The National Pork Producers Council claims that no naturally occurring cases of “mad pig” disease have ever been discovered. The Consumers Union (publisher of Consumer Reports), however, has petitioned the federal government to reopen an investigation into a case in which a U.S. Department of Agriculture veterinarian may have found a cluster of suspect pigs in New York (read the petition).
One reason we may not be detecting the disease in pigs is that it could take up to 16 months after exposure for the animal to develop the disease,² while pigs raised for food in the United States are typically slaughtered at less than 6 months of age.6 The British scientists whose 1990 study showed that pigs were susceptible to mad cow disease wrote in an internal memorandum that “it is plausible pigs could be preclinically infected with BSE, but since so few are allowed to reach adulthood this has not been recognized as a clinical disease.”7
A 2004 review in the Journal of Neuroscience (full text) goes further and suggests that there may in fact be cases of infected and infectious pigs who are “subclinical,” meaning they don’t display any symptoms and could therefore fly under industry radar.8
It is understandable that pork industry representatives would try to downplay the risk. By ignoring the science, though, they are doing a disservice to their producers and their customers. And ignoring something doesn’t make it so. I’d invite the naysayers to take a look at our supporting references:
- Dawson M, Wells GA, Parker BN, Scott AC. Primary parenteral transmission of bovine spongiform encephalopathy to the pig.
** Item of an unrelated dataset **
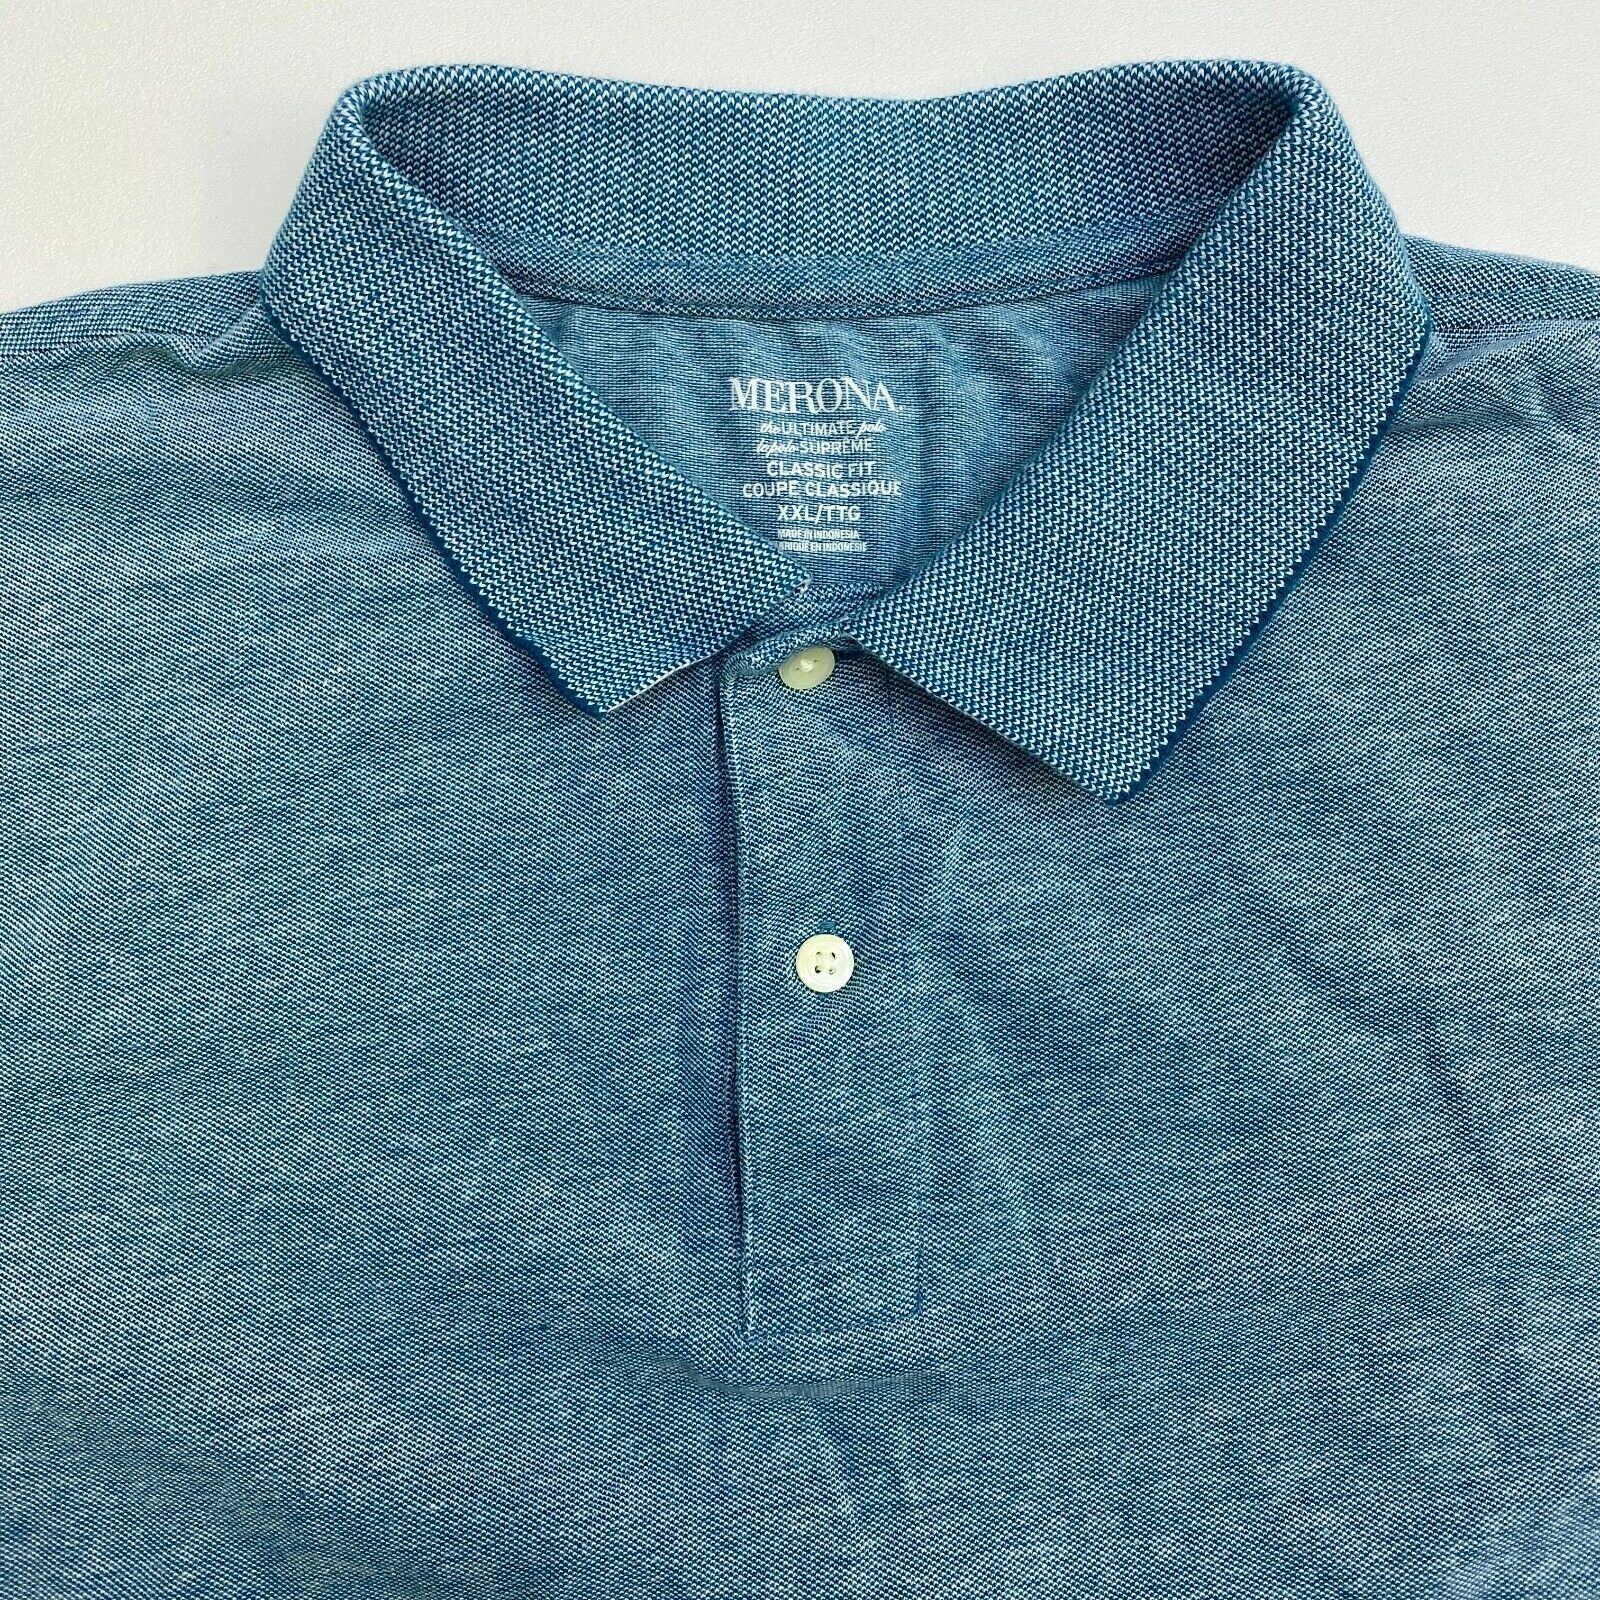 Merona Polo Shirt Mens XXL Blue Short Sleeve Casual - Polos

Veterinary Record. 1990; 127:338-9.
- Memorandum from Wells GAH to Little TWA. In confidence: parental transmission of BSE to the pig. BSE90/8.29/3.1. August 29, 1990.
- Davanipour Z, Alter M, Sobel E, Asher DM, Gajdusek DC. A case-control study of Creutzfeldt-Jakob disease: dietary risk factors. American Journal of Epidemiology. 1985; 122:443-51.
- Pearce F. BSE may lurk in pigs and chickens. New Scientist. April 6, 1996: 5.
- World Health Organization Consultation on Public Health Issues Related to Bovine Spongiform Encephalopathy and the Emergence of a New Variant of Creutzfeldt-Jakob Disease. Morbidity and Mortality Weekly Review. 1996; 45(14):295-6, 303.
- U.S. Department of Agriculture. 2001. Part I: reference of swine health and management in the United States, 2000. National Animal Health Monitoring System. Fort Collins, CO. #N338.0801.
- Memorandum from Dr. H. Pickles Med ISD/3 to Dr. Richardson PD and Mrs. Shorsby MCA. Experimental porcine spongiform encephalopathy. BSE23/1 0058. August 23, 1990.
- Castilla J, Gutierrez-Adan A, Brun A, et al. Subclinical bovine spongiform encephalopathy infection in transgenic mice expressing porcine prion protein. Journal of Neuroscience. 2004; 24:5063-9.